| Work instructions |
Return the entries in full, exactly as written.
[Extracted records Boundary: Start]
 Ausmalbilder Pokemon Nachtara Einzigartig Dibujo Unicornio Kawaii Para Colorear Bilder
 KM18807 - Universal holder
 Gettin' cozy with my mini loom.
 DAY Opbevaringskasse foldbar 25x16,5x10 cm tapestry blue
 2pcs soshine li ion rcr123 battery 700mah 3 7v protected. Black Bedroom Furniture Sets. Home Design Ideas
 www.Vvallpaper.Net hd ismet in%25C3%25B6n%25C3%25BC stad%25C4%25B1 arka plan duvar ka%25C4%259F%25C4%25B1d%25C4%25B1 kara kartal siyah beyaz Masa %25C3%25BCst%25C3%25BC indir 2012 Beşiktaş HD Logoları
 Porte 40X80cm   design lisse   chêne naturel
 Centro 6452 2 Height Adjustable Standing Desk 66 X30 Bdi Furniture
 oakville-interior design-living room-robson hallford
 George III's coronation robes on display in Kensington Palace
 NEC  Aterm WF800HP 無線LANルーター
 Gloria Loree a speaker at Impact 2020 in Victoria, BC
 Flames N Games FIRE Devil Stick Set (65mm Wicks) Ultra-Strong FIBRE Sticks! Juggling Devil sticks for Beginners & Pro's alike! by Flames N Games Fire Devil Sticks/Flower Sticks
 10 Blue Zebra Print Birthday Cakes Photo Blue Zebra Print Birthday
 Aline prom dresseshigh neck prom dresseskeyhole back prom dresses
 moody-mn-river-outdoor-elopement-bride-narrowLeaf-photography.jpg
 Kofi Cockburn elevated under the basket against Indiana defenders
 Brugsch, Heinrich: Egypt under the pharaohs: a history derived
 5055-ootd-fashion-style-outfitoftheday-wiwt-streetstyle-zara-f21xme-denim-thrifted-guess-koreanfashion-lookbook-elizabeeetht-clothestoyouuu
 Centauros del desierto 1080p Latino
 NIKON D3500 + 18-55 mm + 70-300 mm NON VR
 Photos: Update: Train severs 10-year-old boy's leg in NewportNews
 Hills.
[Extracted records Boundary: End]
| Task result |
 Ausmalbilder Pokemon Nachtara Einzigartig Dibujo Unicornio Kawaii Para Colorear Bilder
 KM18807 - Universal holder
 Gettin' cozy with my mini loom.
 DAY Opbevaringskasse foldbar 25x16,5x10 cm tapestry blue
 2pcs soshine li ion rcr123 battery 700mah 3 7v protected. Black Bedroom Furniture Sets. Home Design Ideas
 www.Vvallpaper.Net hd ismet in%25C3%25B6n%25C3%25BC stad%25C4%25B1 arka plan duvar ka%25C4%259F%25C4%25B1d%25C4%25B1 kara kartal siyah beyaz Masa %25C3%25BCst%25C3%25BC indir 2012 Beşiktaş HD Logoları
 Porte 40X80cm   design lisse   chêne naturel
 Centro 6452 2 Height Adjustable Standing Desk 66 X30 Bdi Furniture
 oakville-interior design-living room-robson hallford
 George III's coronation robes on display in Kensington Palace
 NEC  Aterm WF800HP 無線LANルーター
 Gloria Loree a speaker at Impact 2020 in Victoria, BC
 Flames N Games FIRE Devil Stick Set (65mm Wicks) Ultra-Strong FIBRE Sticks! Juggling Devil sticks for Beginners & Pro's alike! by Flames N Games Fire Devil Sticks/Flower Sticks
 10 Blue Zebra Print Birthday Cakes Photo Blue Zebra Print Birthday
 Aline prom dresseshigh neck prom dresseskeyhole back prom dresses
 moody-mn-river-outdoor-elopement-bride-narrowLeaf-photography.jpg
 Kofi Cockburn elevated under the basket against Indiana defenders
 Brugsch, Heinrich: Egypt under the pharaohs: a history derived
 5055-ootd-fashion-style-outfitoftheday-wiwt-streetstyle-zara-f21xme-denim-thrifted-guess-koreanfashion-lookbook-elizabeeetht-clothestoyouuu
 Centauros del desierto 1080p Latino
 NIKON D3500 + 18-55 mm + 70-300 mm NON VR
 Photos: Update: Train severs 10-year-old boy's leg in NewportNews
 Hills.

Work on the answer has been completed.